Restate the listing below word for word; no picture is to be carried over.

▸ **PROVIDED DATA**:
==============================

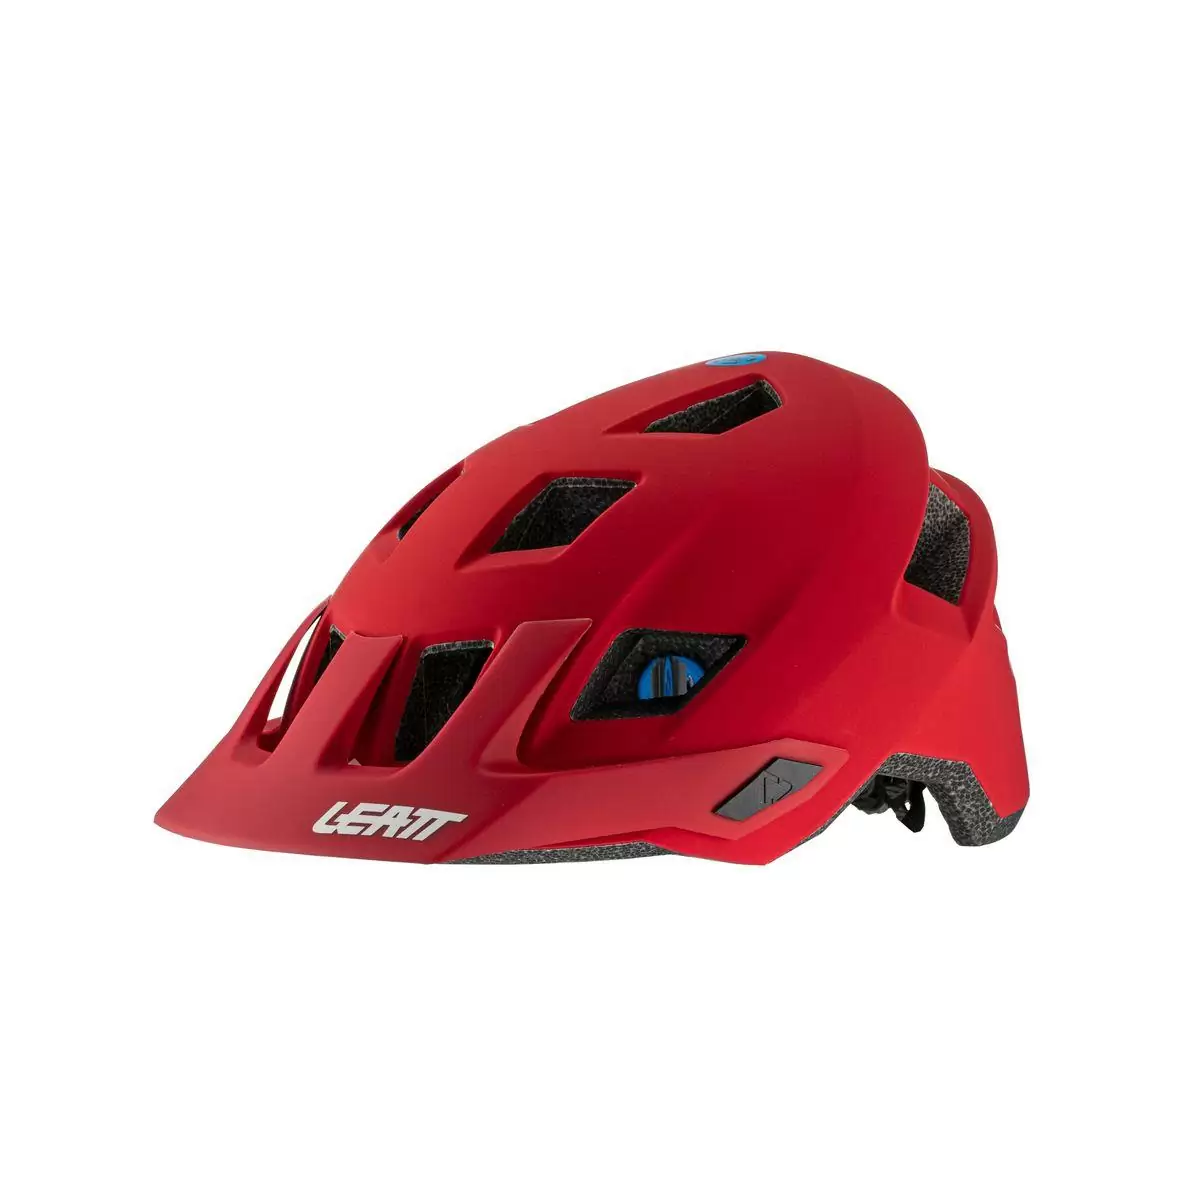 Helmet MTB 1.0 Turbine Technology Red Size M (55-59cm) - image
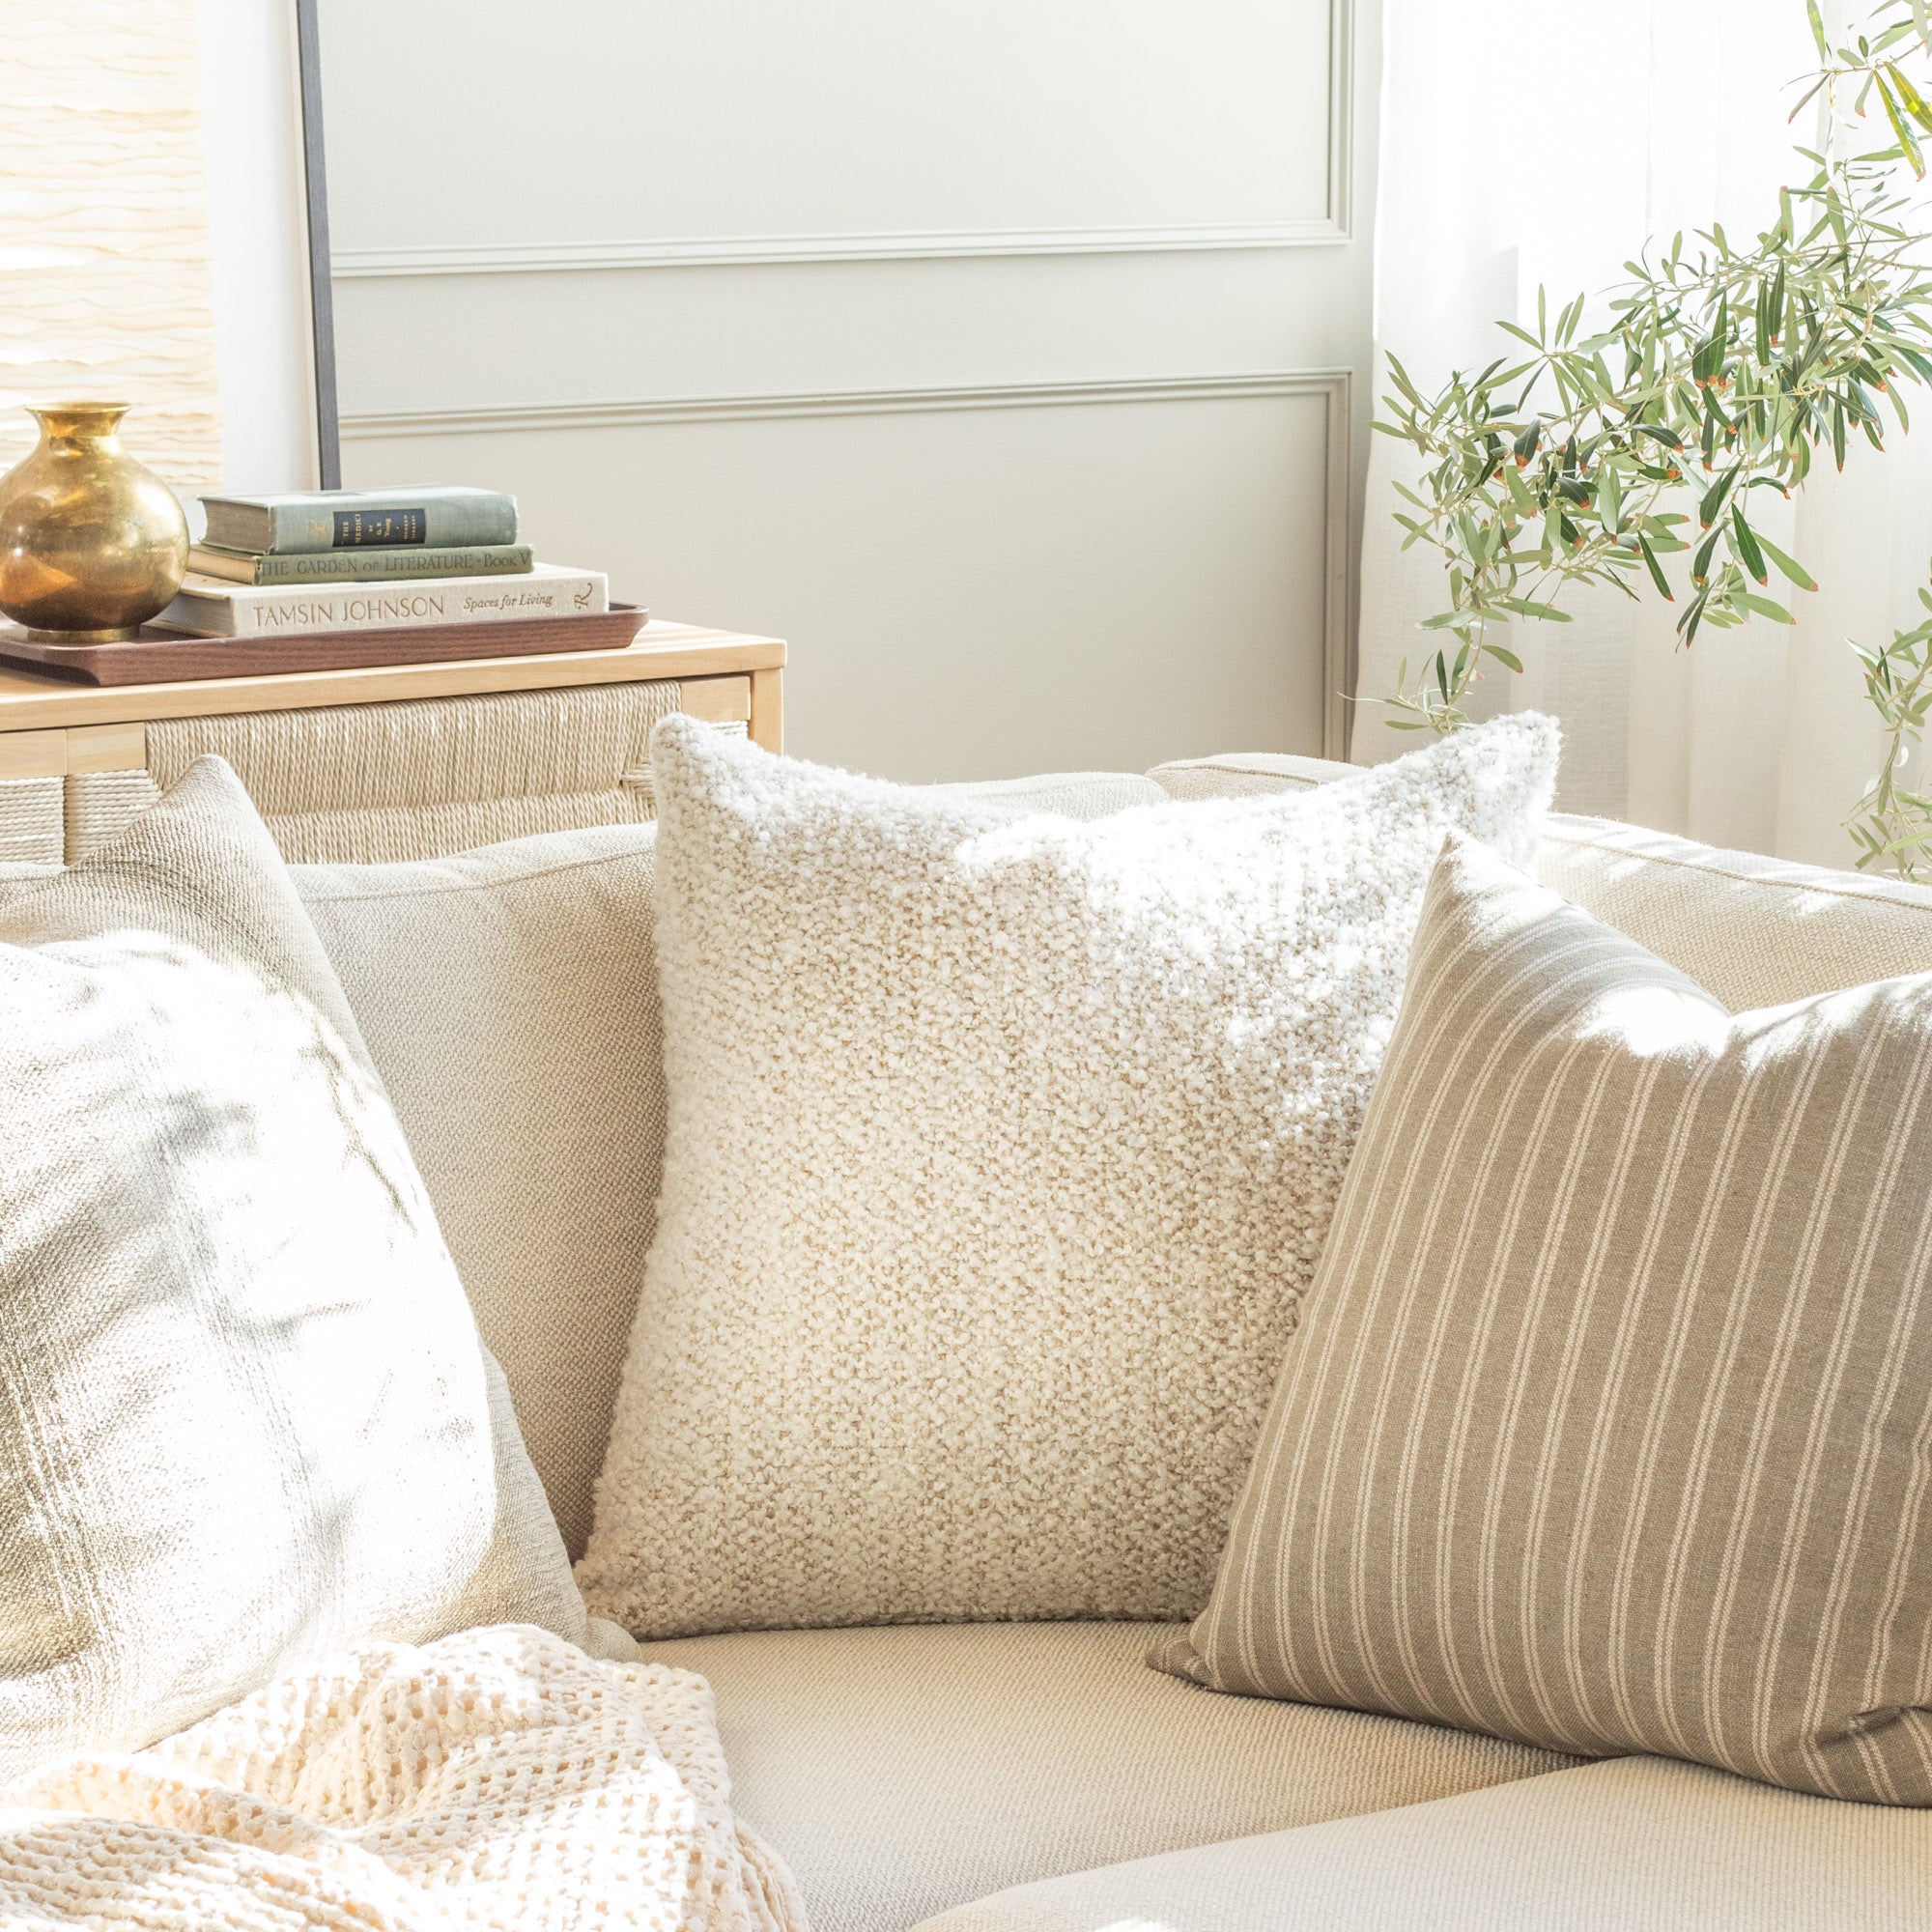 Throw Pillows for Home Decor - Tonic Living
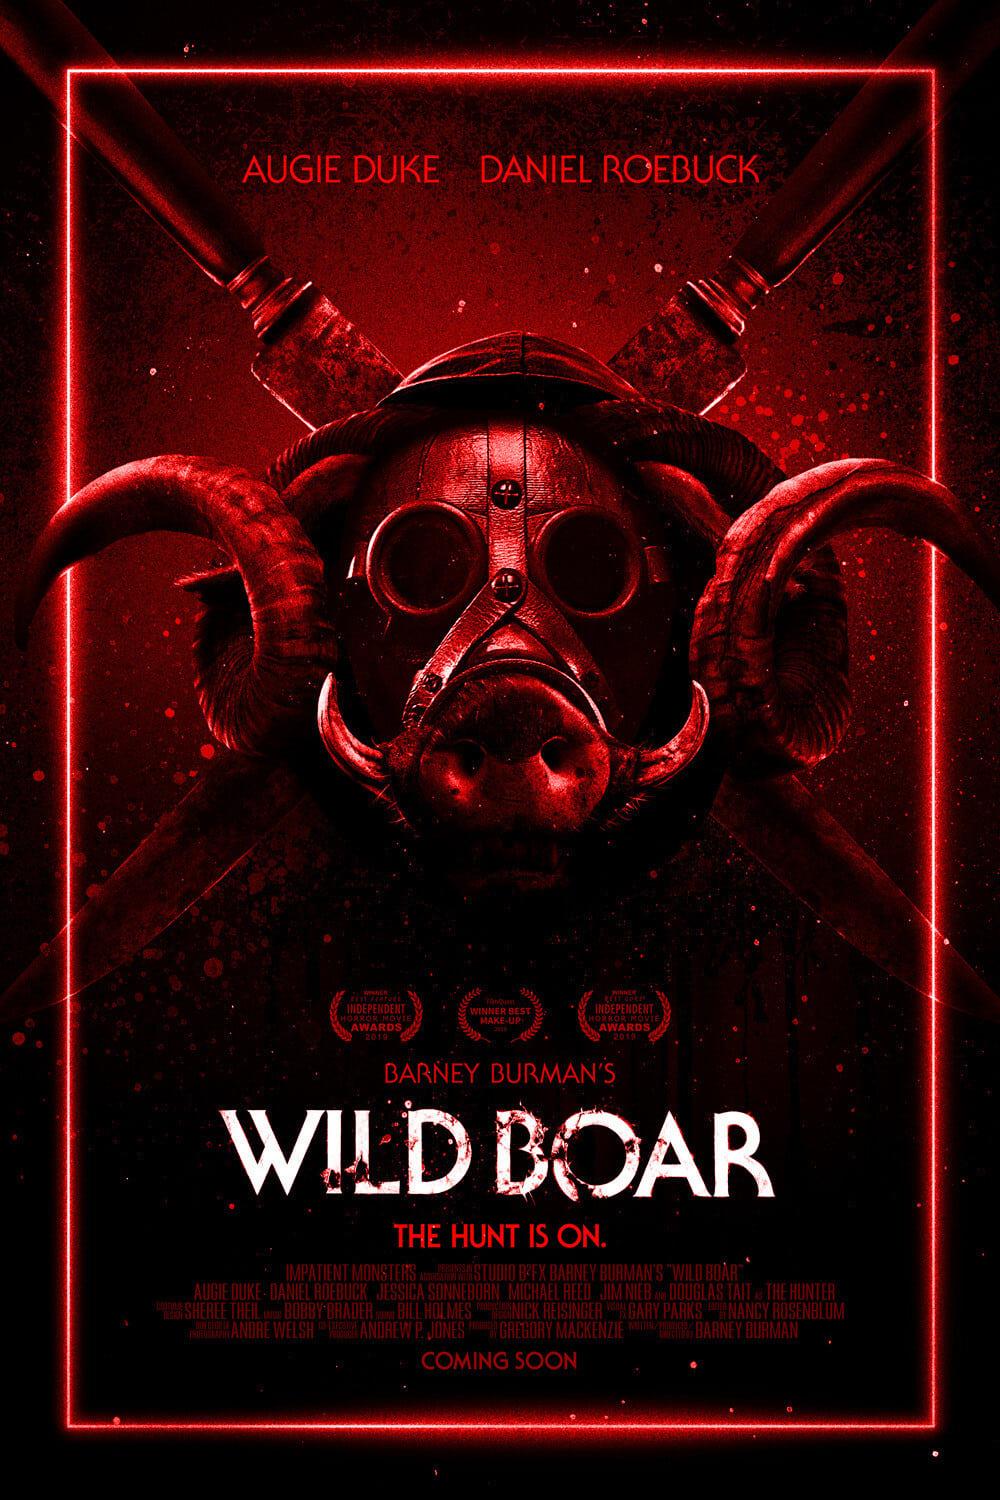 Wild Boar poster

==============================

▸ **WRITTEN REPLY**:
 Helmet MTB 1.0 Turbine Technology Red Size M (55-59cm) - image
 Throw Pillows for Home Decor - Tonic Living
 Wild Boar poster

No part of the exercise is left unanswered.